In various industries, such as providing on-line services and sales, it may be important to provide a computing platform that is both robust and fault tolerant such that no single failure causes a shutdown of the entire computing platform. To address this issue, a “cluster” of interrelated computing devices may be used in a way such that various tasks handled by a first computing device may be assigned to a second computing device should the first computing device fail for some reason.
Various examples of this disclosure that are proposed as examples will be described in detail with reference to the following figures, wherein like numerals reference like elements, and wherein:
The methods and systems disclosed below may be described generally, as well as described in terms of specific examples. For instances where references are made to detailed examples, it is noted that any of the underlying principles described are not to be limited to a single example but may be expanded for use with any of the other methods and systems described herein as will be understood by one of ordinary skill in the art unless otherwise specifically stated.
For the purposes of this disclosure, the following definitions apply.
The term “process” refers to a set of instructions usable on one or more machines, such as a computer, that performs a useful activity.
The term “activity” refers to any task/endeavor that may be found useful and/or desirable and that may be performed, in whole or in part, by a process. An activity may thus include, for example, email delivery, medical diagnoses, fraud detection, gaming, providing an on-line sales platform, and so on.

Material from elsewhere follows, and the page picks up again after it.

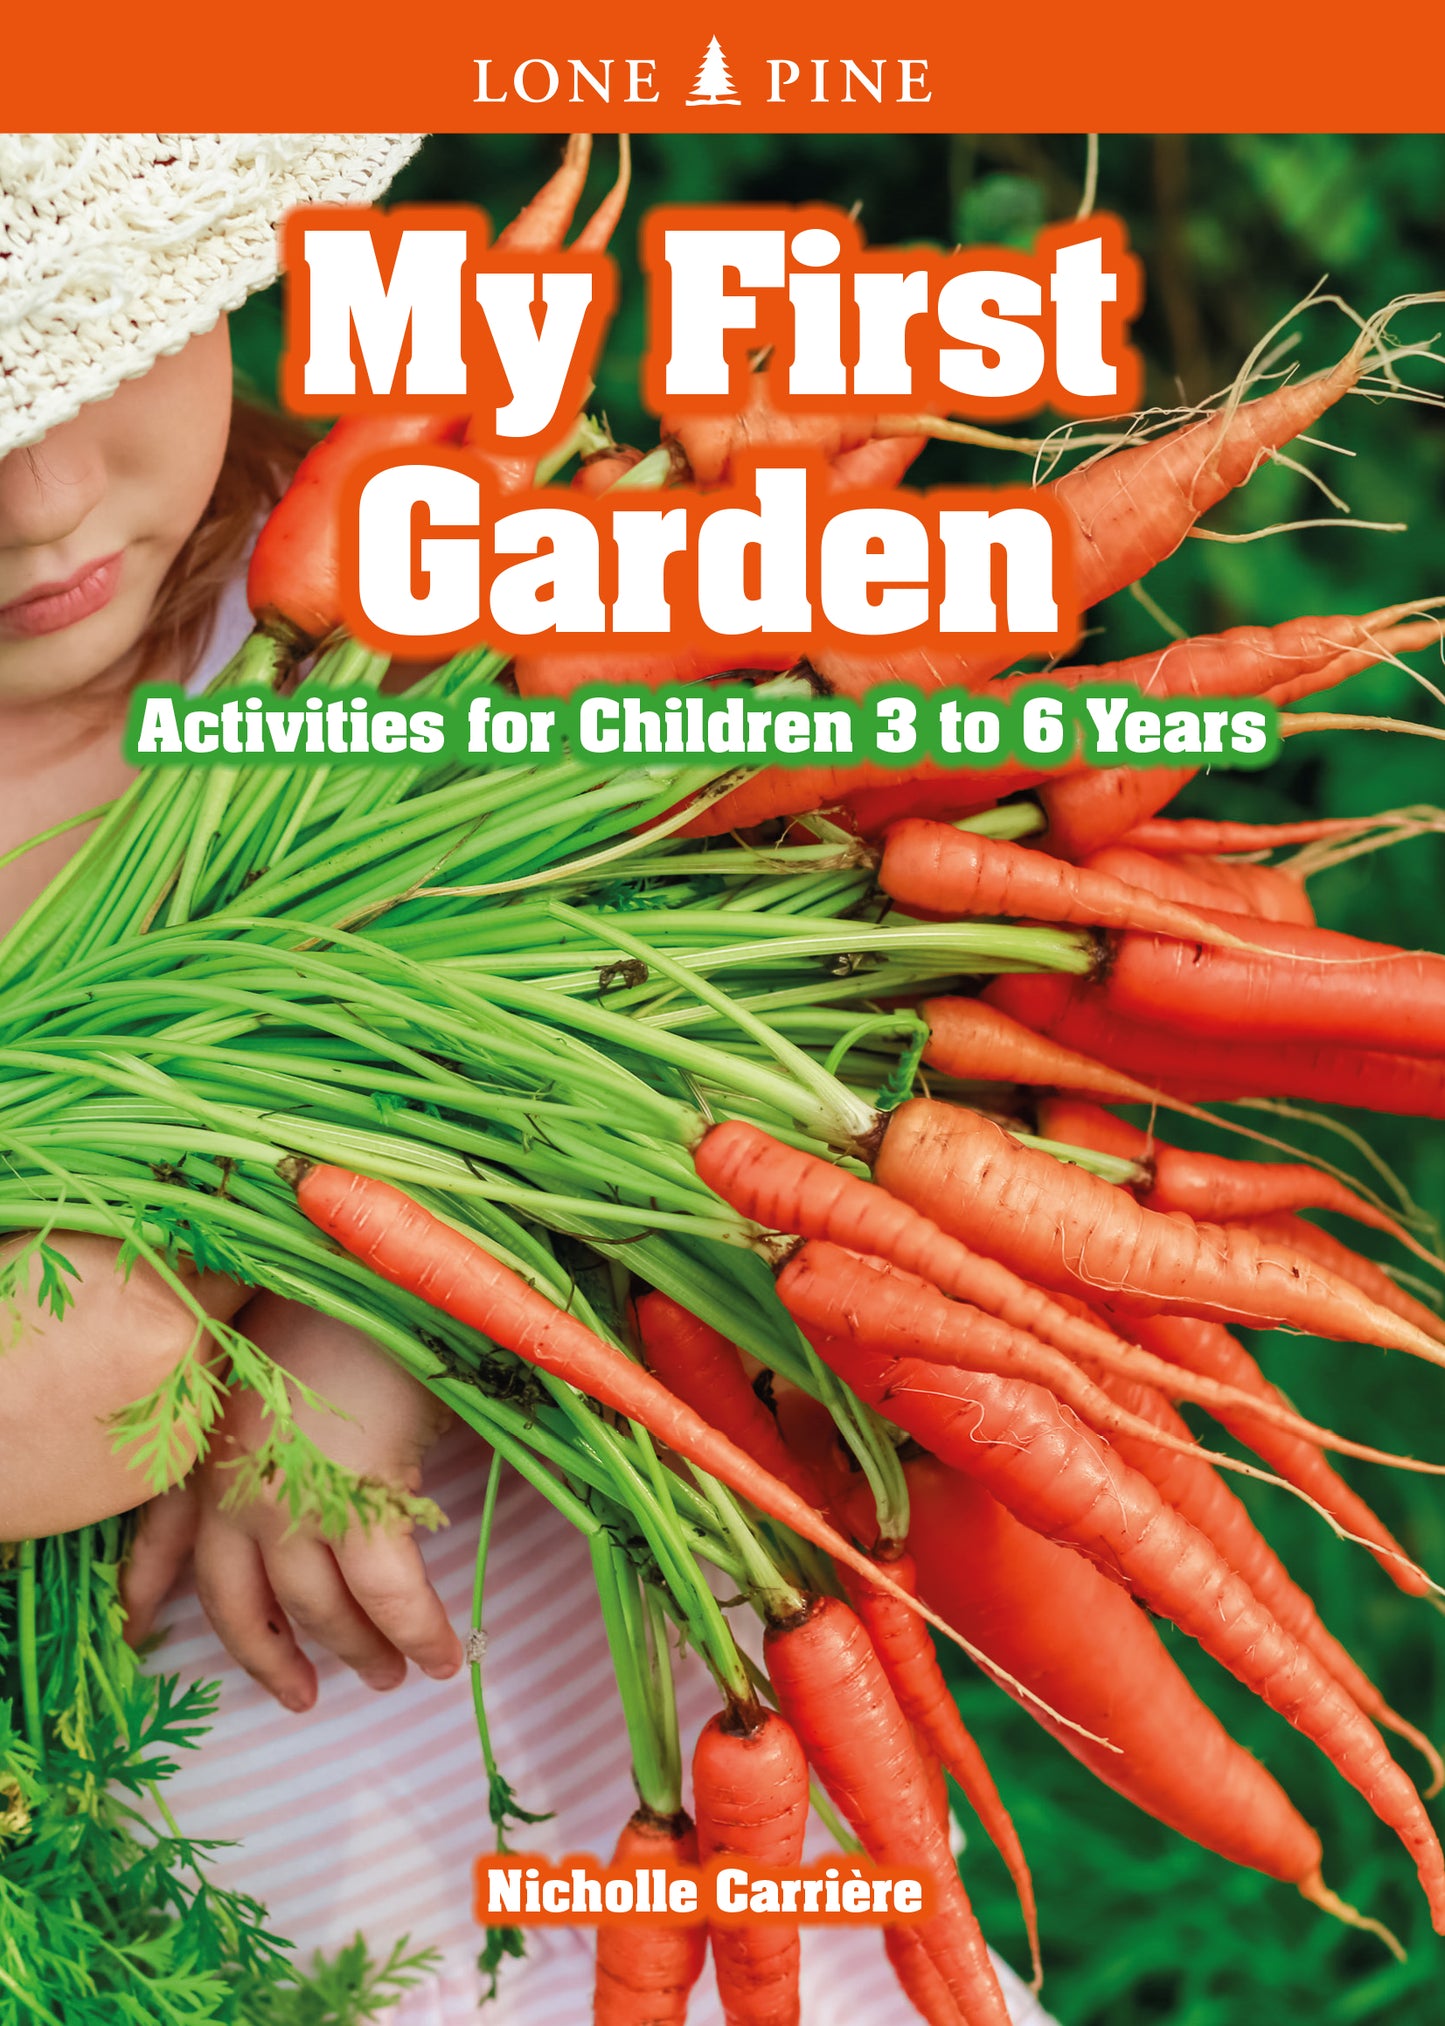 My First Garden - Activities for Children 3 to 6 Years by Nicholle Carrière

The term “workload” refers to a single process or any number of related processes designed to perform one or more activities, or a portion of a single activity. By way of example, a first workload may consist of a number of back-end processes (e.g., inventory control) used to support an on-line sales platform. Similarly, a second workload may consist of a number of processes used to support a Graphic User Interface (GUI) that both displays various forms of data while receiving user instructions.
Workloads may be considered “related” (or have a “relationship”) if they have some form of functional relationship(s) with one another. By way of example, the second workload discussed above may be related (i.e., have a “relationship”) to the first workload should the second workload provide an online GUI for an activity provided by the first workload.

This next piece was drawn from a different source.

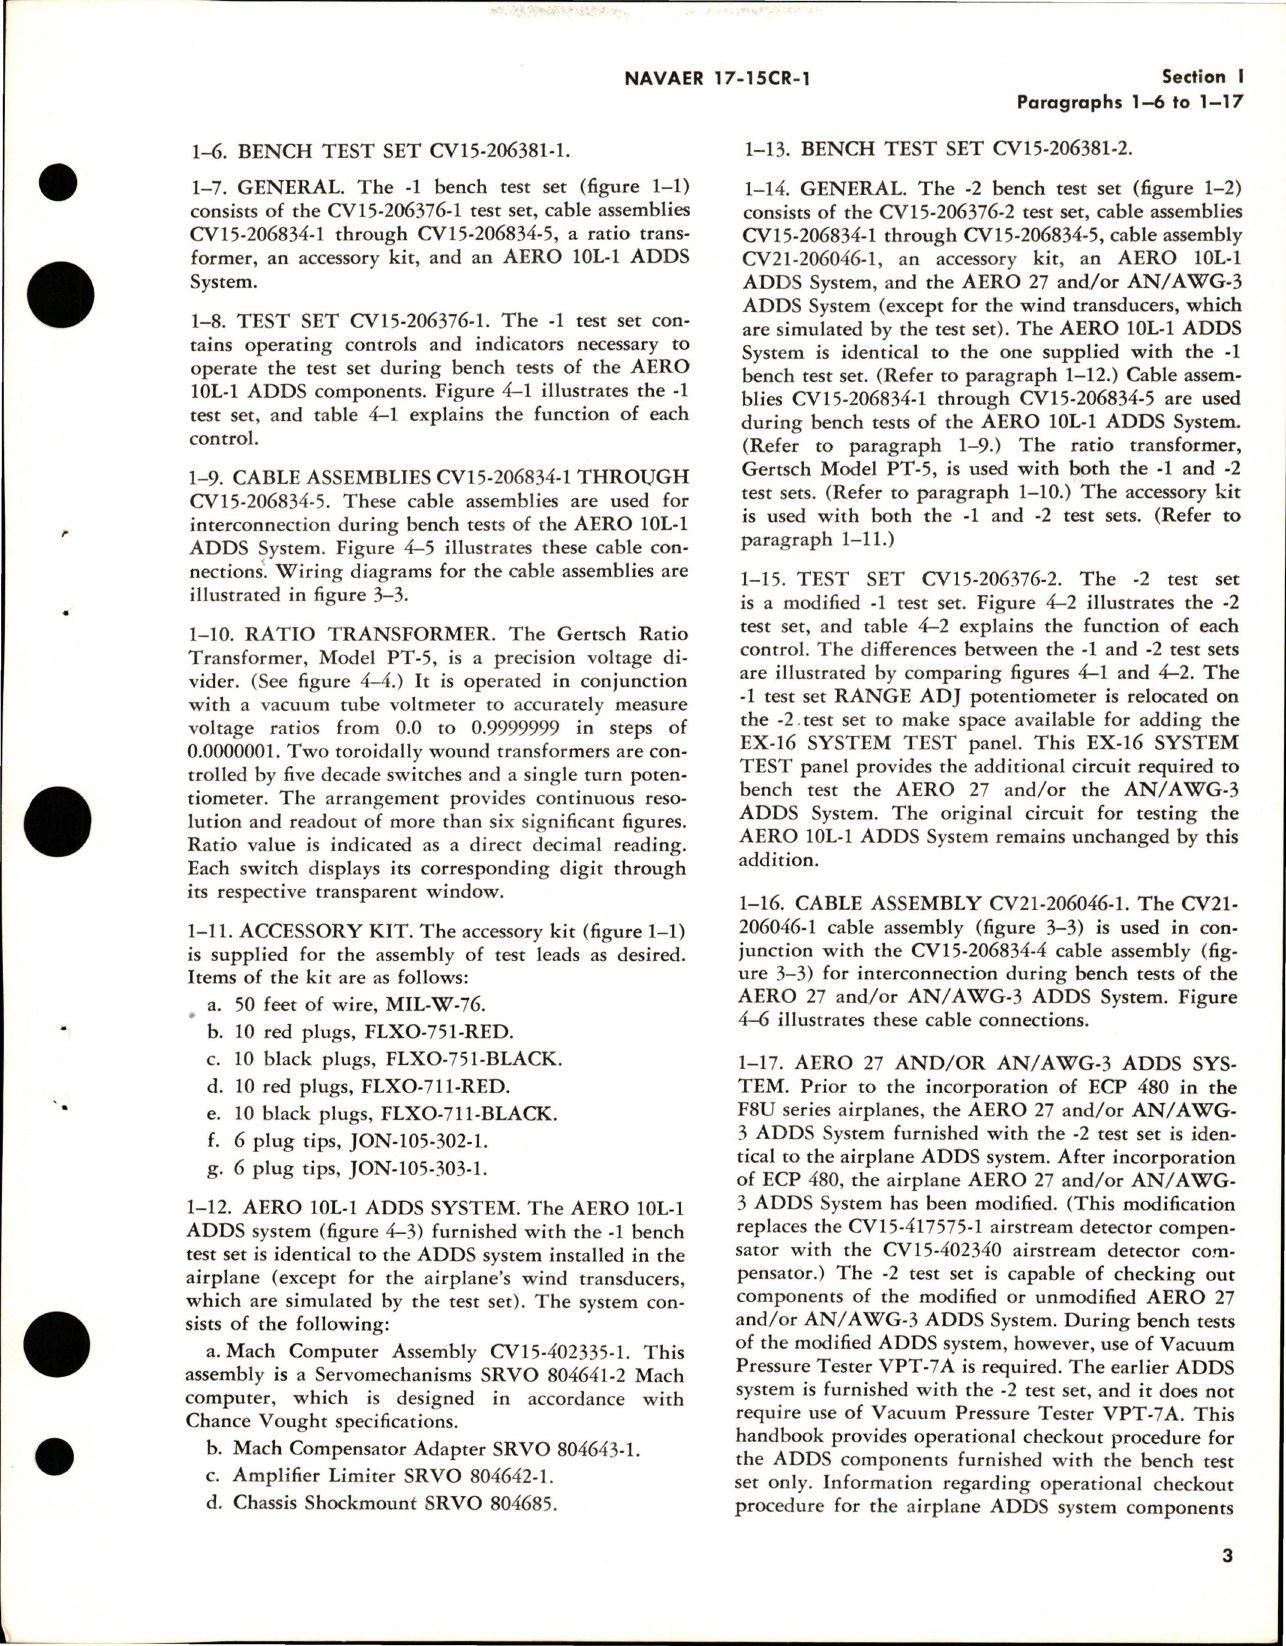 Sample page 9 from AirCorps Library document: Operation and Service Instructions with Illustrated Parts for Airstream Directional Reference System Bench Test Sets - CV15-206381-1 and CV15-206381-2

The term “manager” refers to some form of software-based process capable of being run by a computing device that performs a number of specific or otherwise-identified management function(s), such as the organization and/or coordination of resources to perform a number of activities. Alternatively, a “manager” may refer to a computing device that incorporates such software-based process.
The term “computing node” (or “node”) as used herein refers to some form of computing system capable of supporting a number of workloads. In various examples the term “computing node” includes, but is not limed to, computers, computer-based servers, a network of computer-based servers, devices augmented with specialized math and/or graphics processors, and so on.

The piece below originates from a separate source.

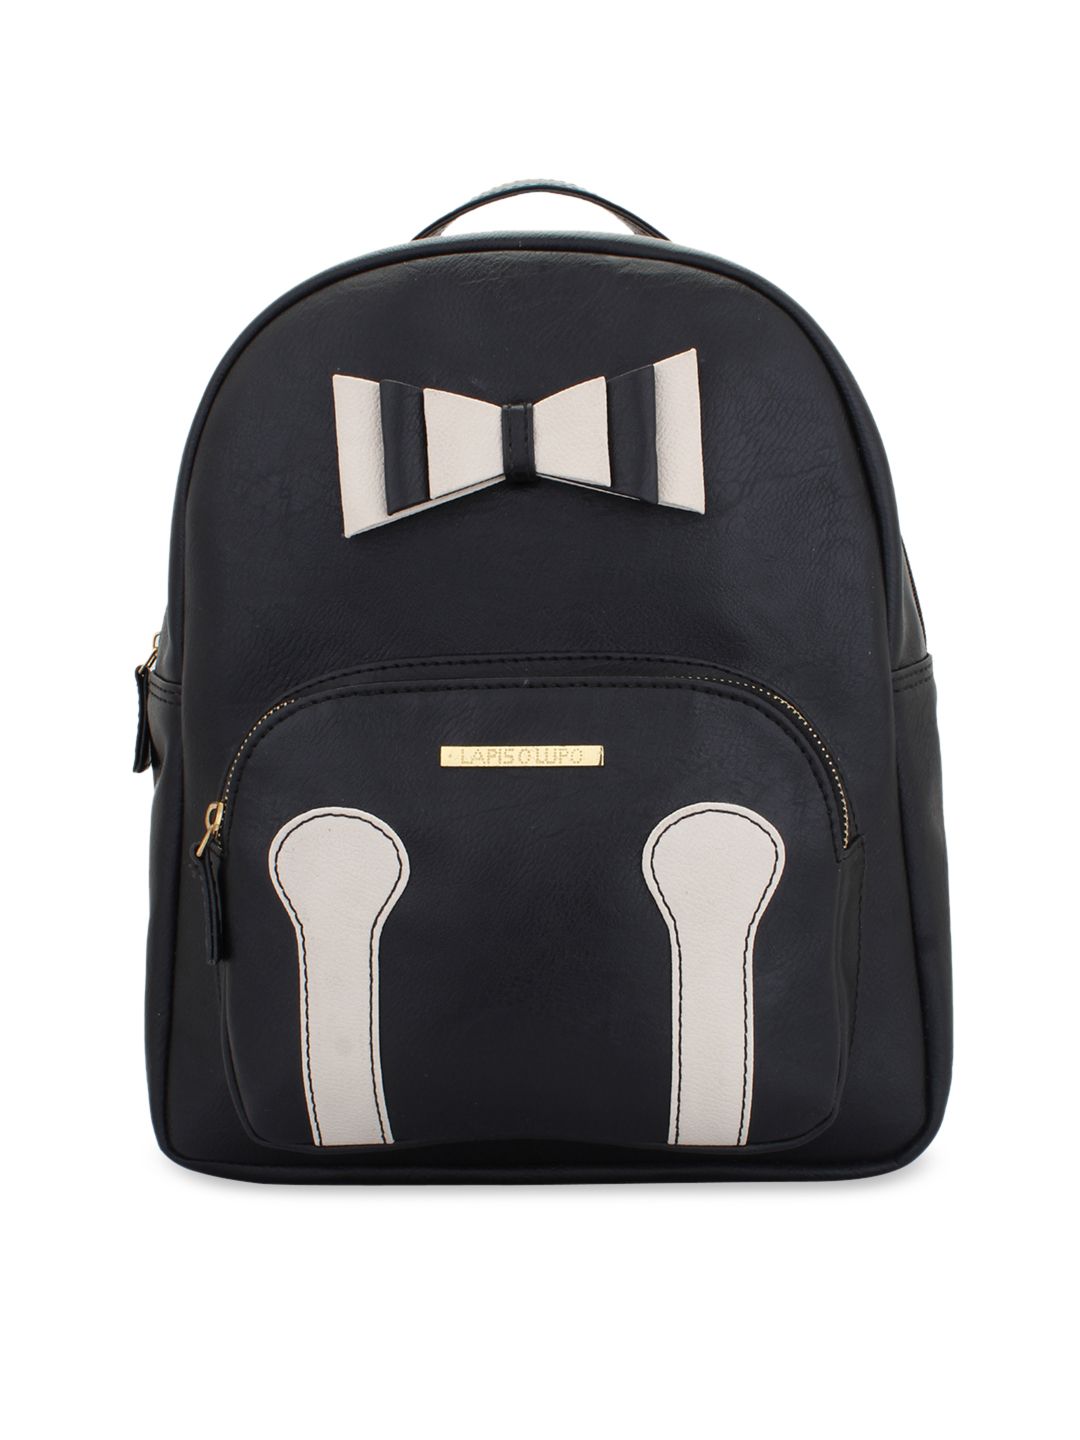 Lapis O Lupo Women Black Solid Backpack Price in India

The term “migration” refers to a number of processes (e.g., a workload) being moved from one physical device, e.g., a computing node, to another device typically (but not necessarily) with little or no disruption in service.
The term “cluster of computing nodes” (or “computing cluster”) refers to a number of communicatively-coupled computing nodes that are capable of performing separate workloads. By way of example, two separate workloads may be distributed among any one or two computing nodes in a computing cluster having three or more separate computing nodes.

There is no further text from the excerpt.